◆ **SOURCE DATA**
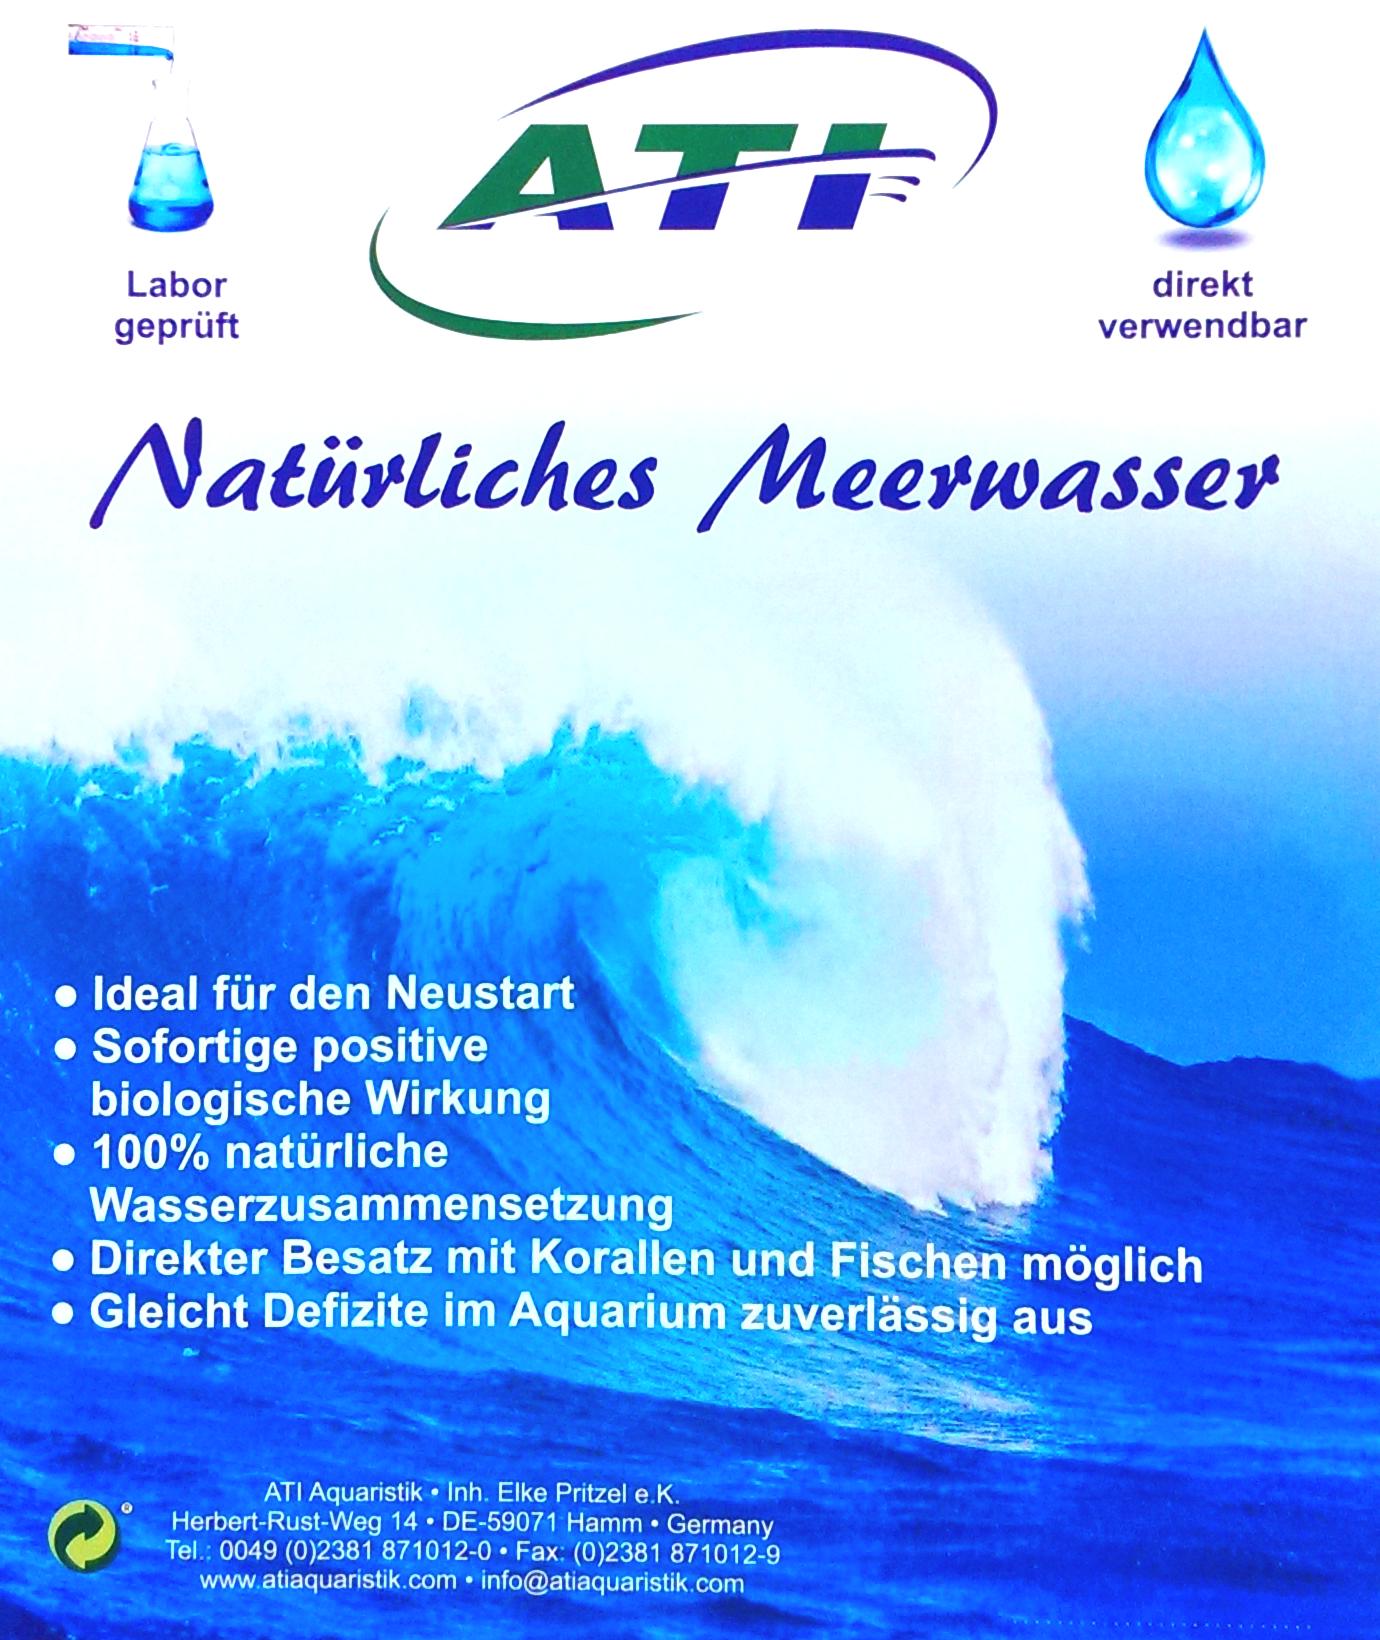 Natürliches Meerwasser
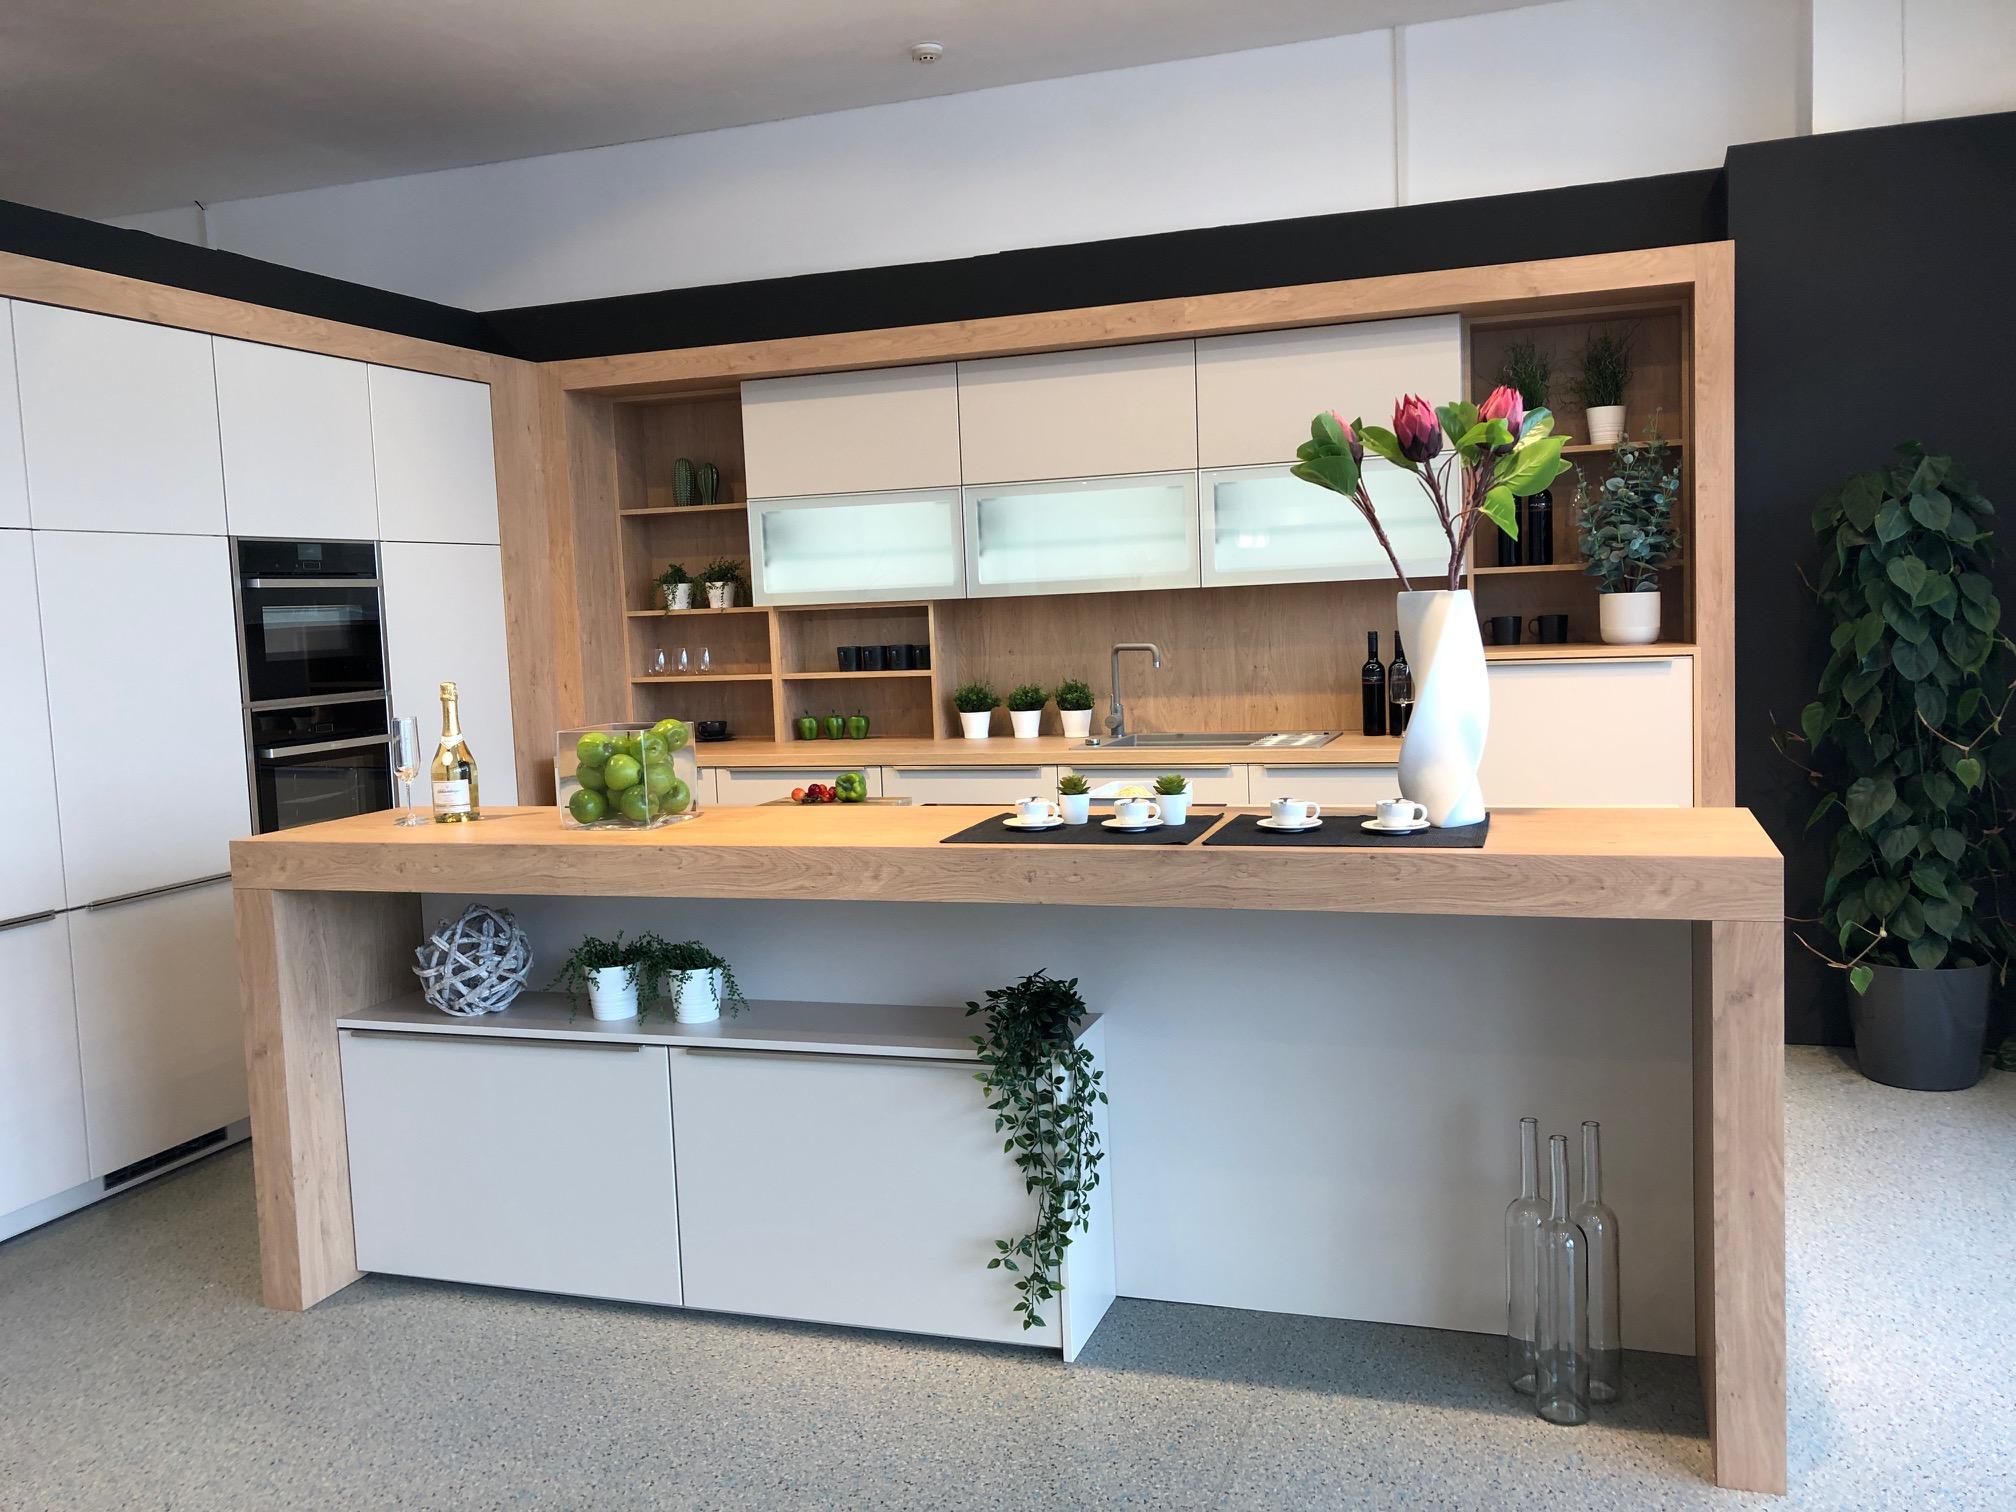 DAN Küche Modell Living mit Fronten in Jasmin Matt und Rückwände sowie Bar in Holzdekor Ulme.
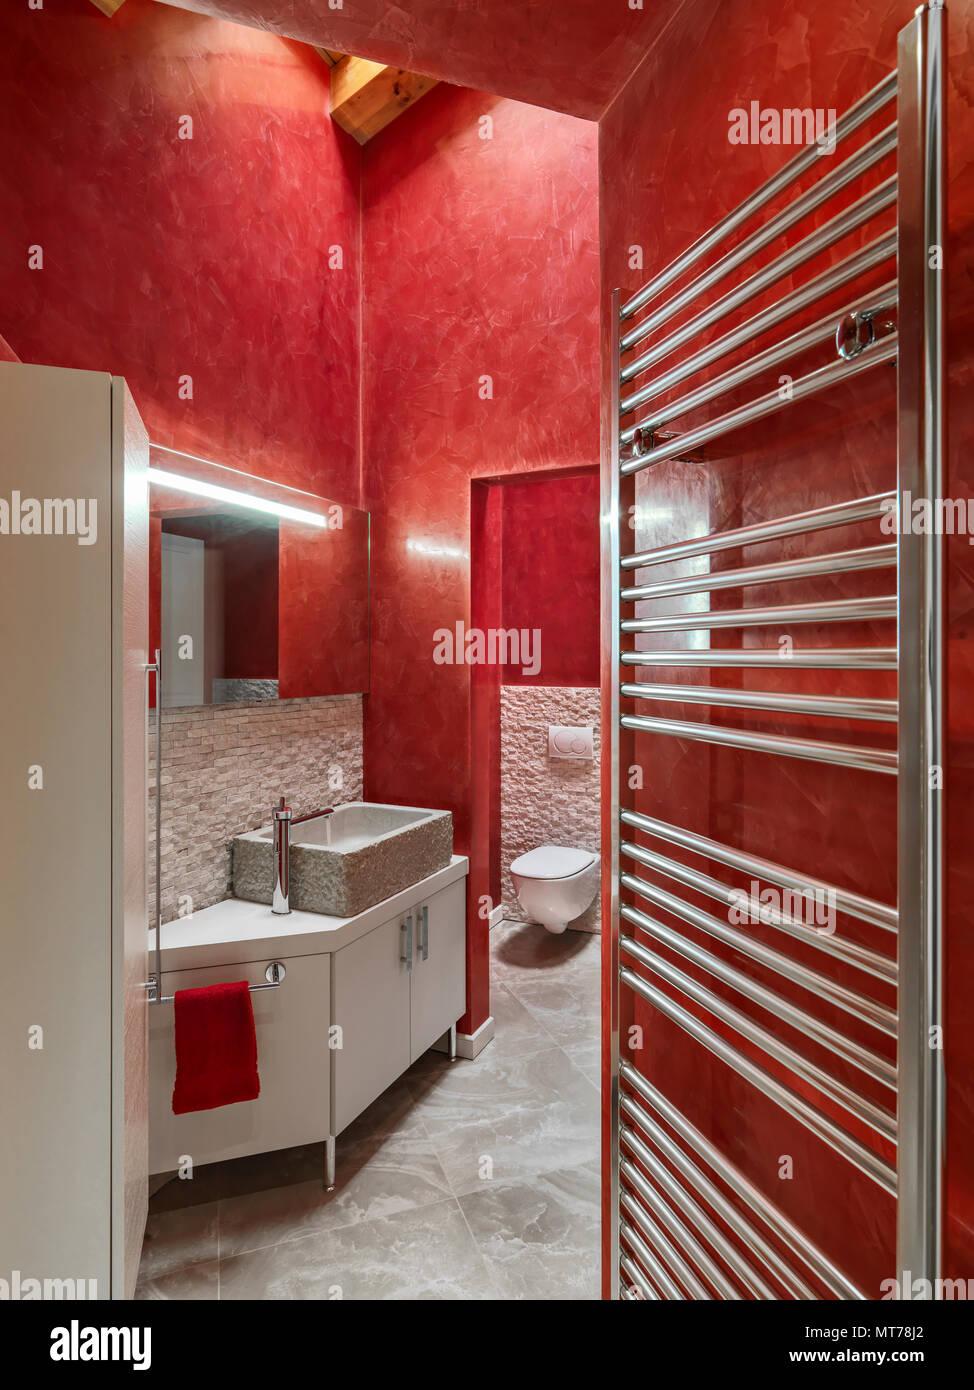 74db2eed54d4 Baño moderno interior con paredes rojas, en el primer plano el gabinete de  madera con

◆ **THE PROBLEM**
When copying the data above, repeat every word exactly and drop the pictures.

◆ **TASK OUTPUT**
 Natürliches Meerwasser
 DAN Küche Modell Living mit Fronten in Jasmin Matt und Rückwände sowie Bar in Holzdekor Ulme.
 74db2eed54d4 Baño moderno interior con paredes rojas, en el primer plano el gabinete de  madera con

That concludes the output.